И вот поезд тронулся. Серая декорация вокзала медленно поплыла в сторону, постепенно открывая перекресток с виадуком, панораму промокшего города, башню храма, светлую ленточку реки, крест на перепутье, автомобиль на шоссе, лес… Капли дождя косо бороздили стекла закрытых окон.

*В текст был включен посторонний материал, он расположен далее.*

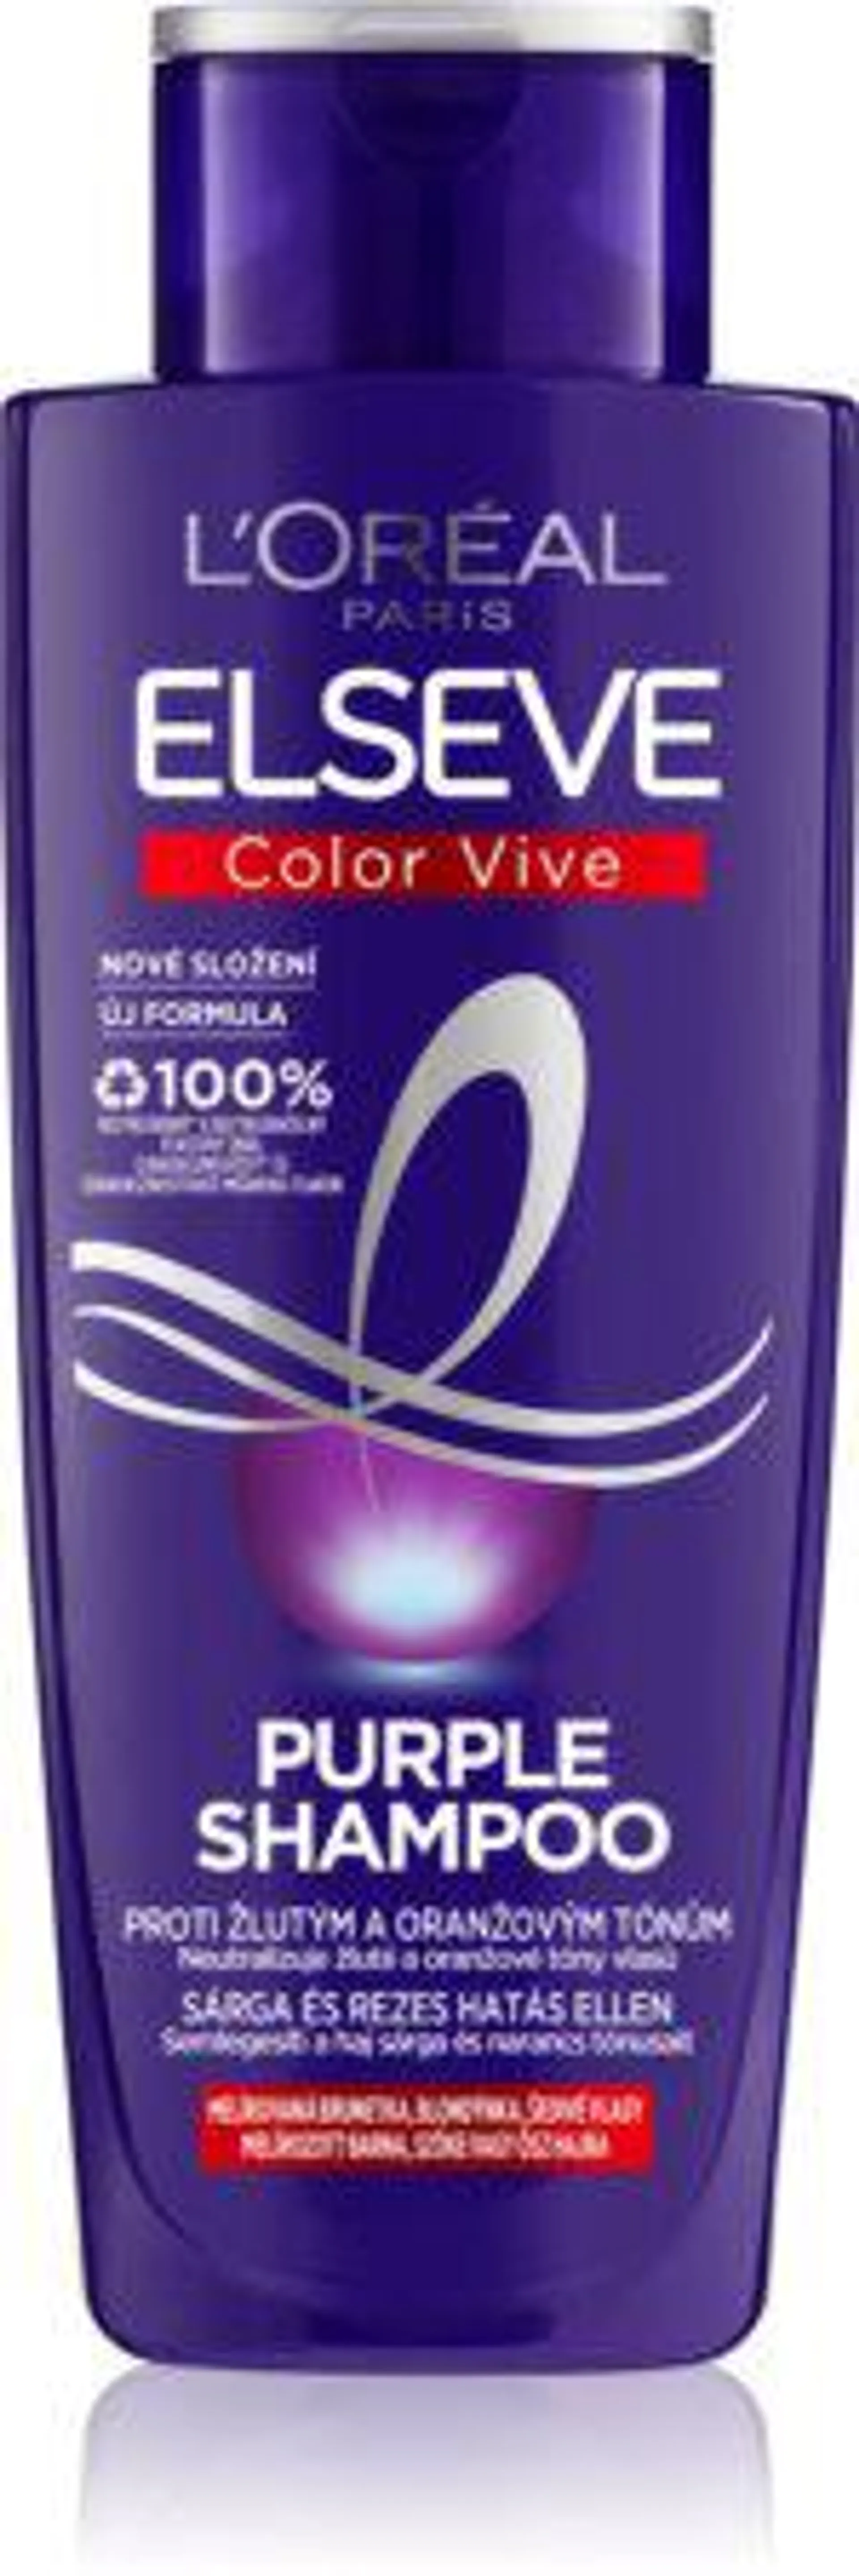 Elseve Color-Vive Purple

Парни 1921 года рождения сидели в вагонах молча, у каждого в кармане казенная бумага на чешском и немецком языке, в которой Управление труда определило его судьбу на ближайшие дни, месяцы, а быть может, и годы.
2
Август Гиль уверенно стоял на широко расставленных ногах, кулаки он сложил за спиной, мерный стук колес убаюкивал его, но твердая воля сопротивлялась сну. Он не должен спать! Здесь, возле задремавшего Бента, он представляет командование роты, которому подчинена эта немногочисленная группа чехов. И он не спускает с них глаз, ни на минуту не забывает инструкций и указаний своего командира. Тело Гиля напряжено, он в любой момент готов ко всякой неожиданности, к коварному нападению. Гиль, правда, никогда не задумывался над тем, какого именно коварства можно ожидать от чехов. Никогда не размышлял он и о полученном приказе, о его целесообразности или правильности. Приказ есть приказ. Ведь он, Гиль, — преданный и уверенный в себе воин непобедимого вермахта, который по воле провидения и фюрера покорит всех и завоюет мир.
Гиль приоткрыл глаза, наклонил голову и стал разглядывать зеленое сукно обмундирования на своем здоровом, сильном теле. Этот плохо сшитый мундир из дешевой ткани он в свое время надел с гордостью и восторгом. Гиль мечтал о мундире сызмальства, в его характере и тогда было что-то военное — решительность, твердость, суровый и властный нрав. Его здоровенные ручищи свисали с широких плеч, как две стальные гири, Гиль в любой момент готов был раздавать ими удары или угрожающе размахивать, кичась своей силой. Односельчане Гиля — сам он был родом из Гарца — могли бы многое порассказать о его силе и о том, как он всегда умел внушить к себе опасливое уважение. Всем своим существом Гиль тянулся к военной форме, к армейской службе. Но военным ему довелось стать только теперь, когда началась эта паршивая война, и в этом запоздании он обвинял свою жену Анну-Марию.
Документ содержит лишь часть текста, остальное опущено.